Auch vor dem Hintergrund der Tatsache, dass künftig immer mehr Leistungen ambulant erbracht werden sollen oder müssen, wird es insbesondere in den kommenden zehn Jahren zu großen Veränderungen kommen. Wenig spezialisierten, kleineren Versorgern droht das wirtschaftliche Aus. Aber auch Maximalversorger stehen vor der Herausforderung, ihr Angebot zu diversifizieren, um Erlösrückgänge aus dem stationären Bereich zu kompensieren. Wichtige Ansatzpunkte zur Positionierung für die ambulante Zukunft sind der Ausbau der ambulanten Infrastruktur und innovative Versorgungskonzepte.
Künstliche Intelligenz hält Einzug in den Klinikalltag
Telemedizin und der Einsatz von robotischen Systemen in der chirurgischen Praxis: All das ist längst keine Zukunftsmusik mehr. An einem Punkt allerdings hat sich die Bewertung der Studienteilnehmer seit dem letzten Mal deutlich verändert: Das Thema künstliche Intelligenz (KI) ist binnen eines Jahres hochrelevant geworden. Bei der Frage, welche Technologien die Krankenhauslandschaft in den kommenden Jahren am stärksten verändern werden, nennen die Verantwortlichen KI bereits an zweiter Stelle. Insbesondere in den Bereichen Bilderkennung und Entscheidungsunterstützung rechnen die Befragten mit einem stark wachsenden Einfluss von KI. Im administrativen Bereich dürfte sie darüber hinaus einen wichtigen Beitrag zur Prozessoptimierung und Effizienzsteigerung leisten, etwa in der Rechnungsprüfung oder im Personalwesen .
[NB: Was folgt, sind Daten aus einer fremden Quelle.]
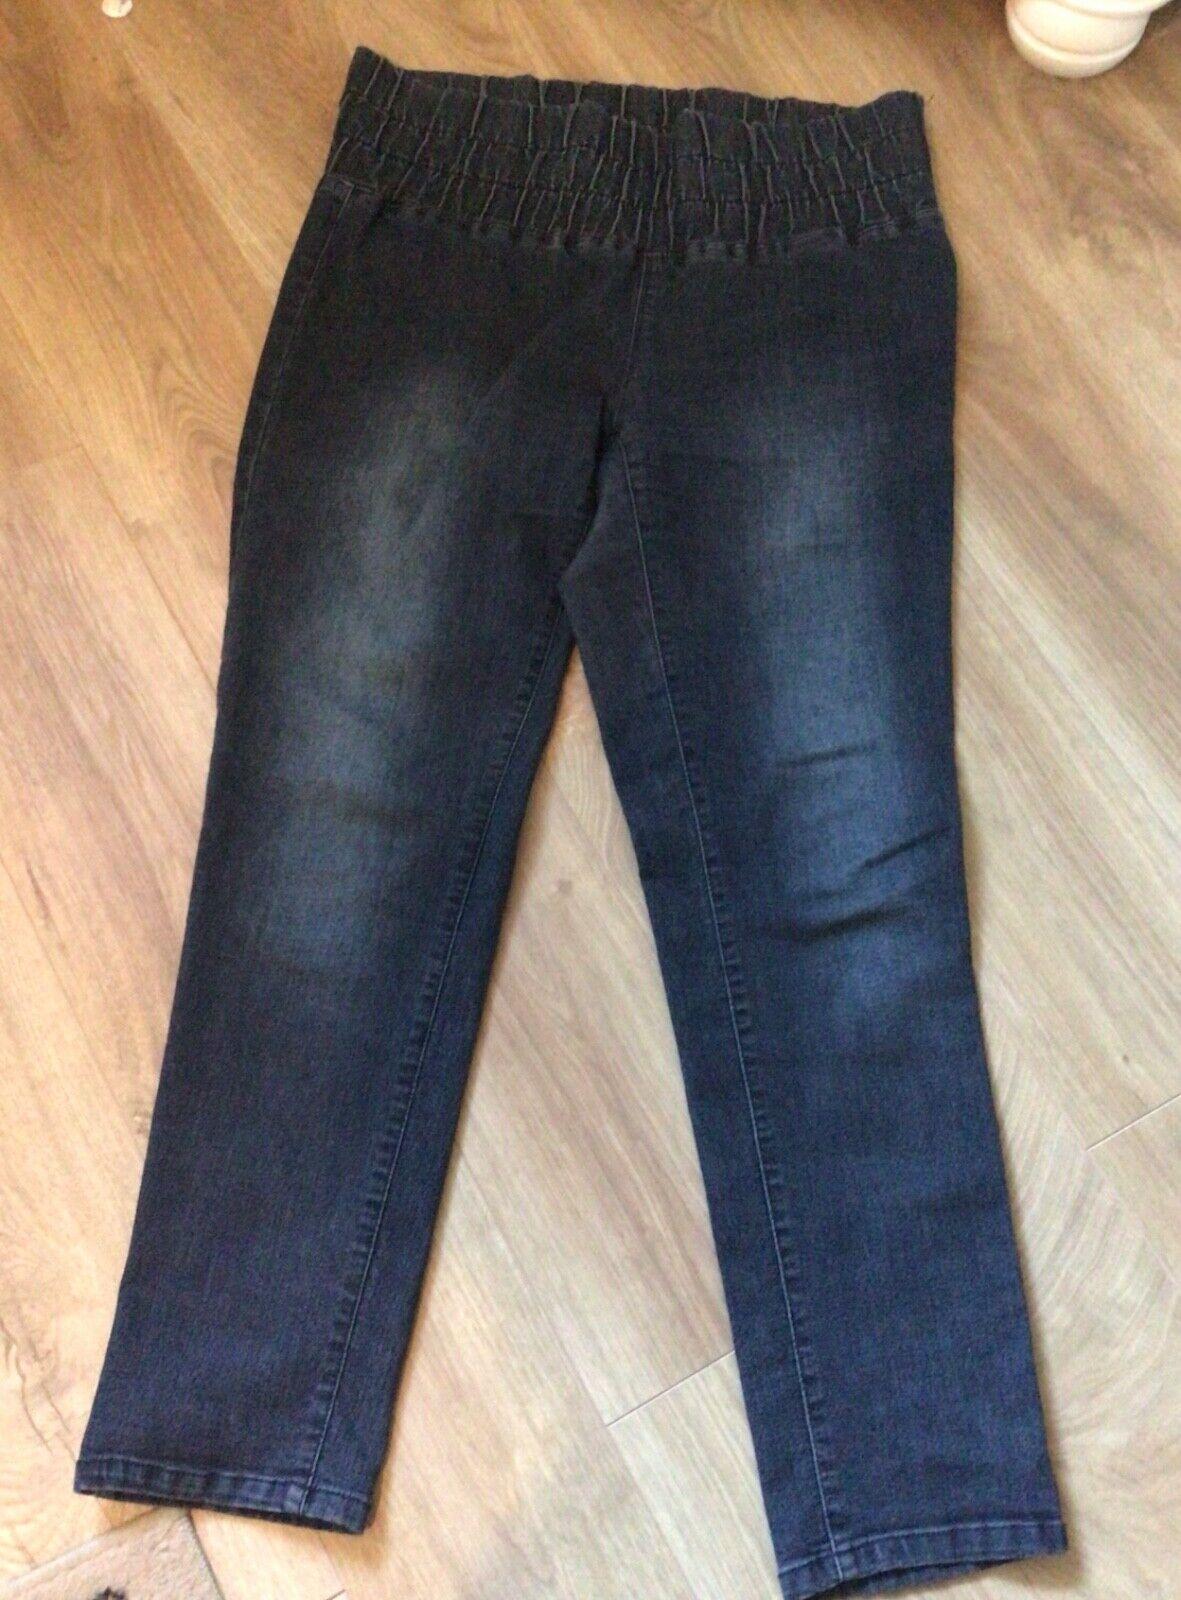 Jeans für Damen Gr. 22 mit Gummizug Blau von Arizona

Zeit für eine Positionsbestimmung
Deutschlands Kliniken stehen vor einer Herkulesaufgabe. Während sie kurzfristig alles dafür tun müssen, wirtschaftlich auf Kurs zu bleiben und wichtige Trends wie die Ambulantisierung nicht aus den Augen zu verlieren, haben langfristige Ziele wie die umfassende Digitalisierung aller Krankenhausprozesse nichts an Dringlichkeit verloren.
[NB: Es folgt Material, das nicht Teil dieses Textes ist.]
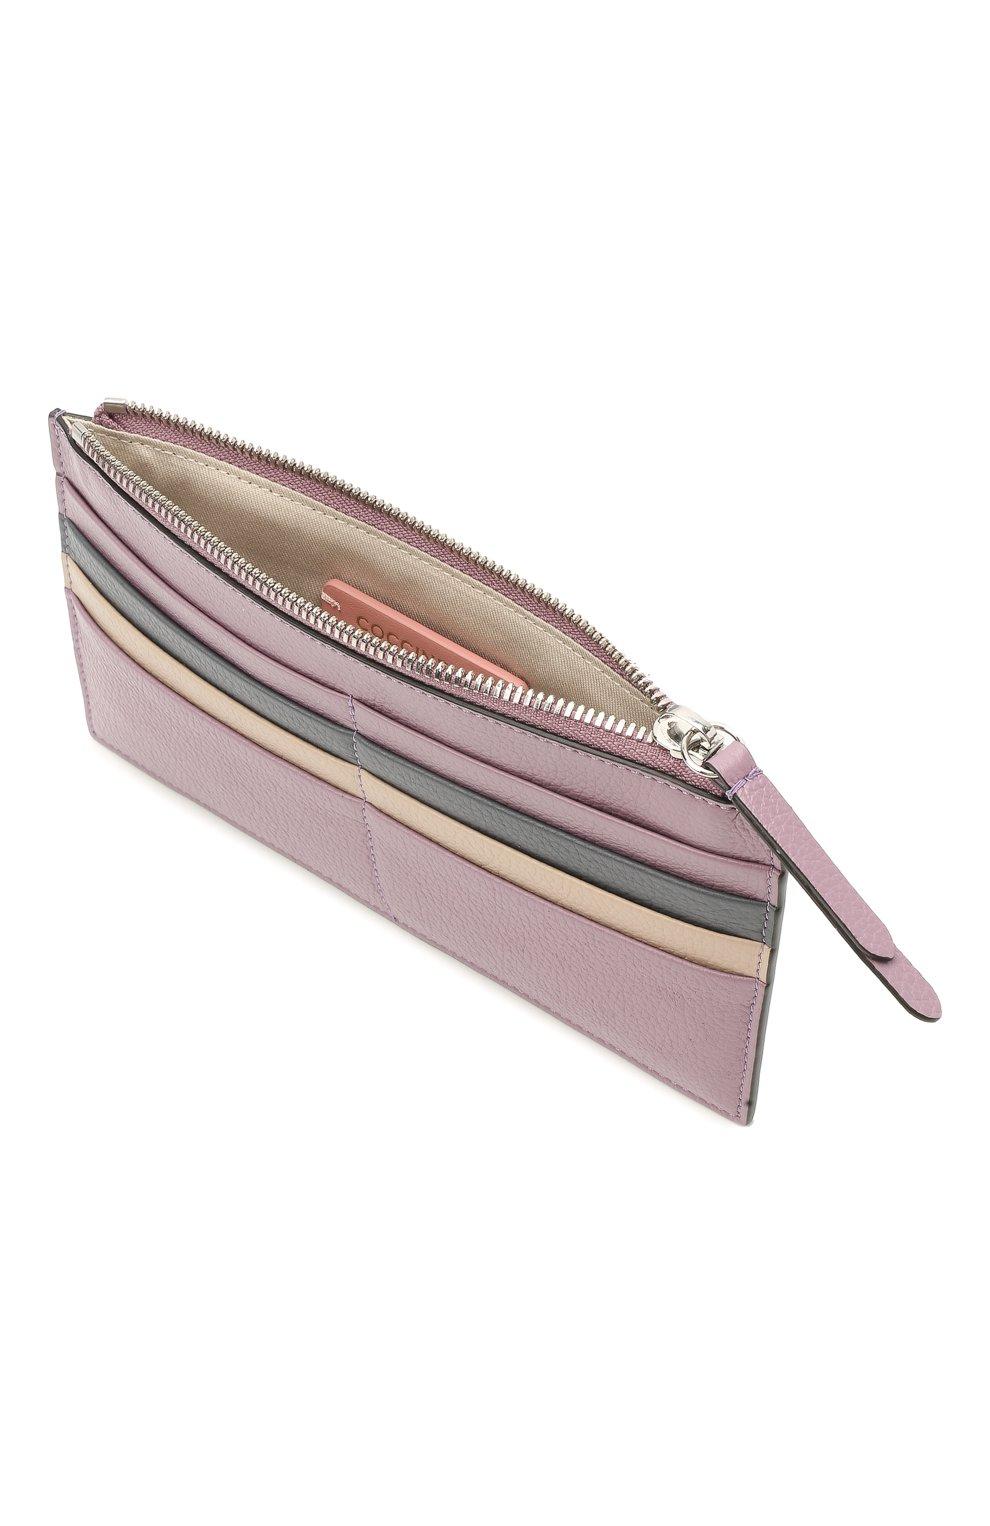 Женский кожаный футляр для кредитный карт COCCINELLE разноцветного цвета, арт. E5 HV1 19 D1 16   Фото 3

Verschärft wird die Situation dadurch, dass einige Entwicklungen im Widerspruch zueinander stehen, etwa mehr Work-Life-Balance für die Mitarbeitenden und eine größere wirtschaftliche Leistungsfähigkeit. Klinikverantwortliche werden sich bei der Bewertung verschiedener strategischer Optionen entscheiden müssen, welches Ziel für ihre Einrichtung Priorität haben soll.
Erfolgsentscheidend für die nächsten Jahre wird nach unserer Überzeugung aber in erster Linie die strategische Positionierung eines Krankenhauses innerhalb des entstehenden Ökosystems vernetzter Gesundheitsdienstleister sein. Deutschlands Kliniklandschaft wird sich weiter konsolidieren. Wer die Zukunft mitgestalten will, muss wissen, welche Rolle er dabei spielen will.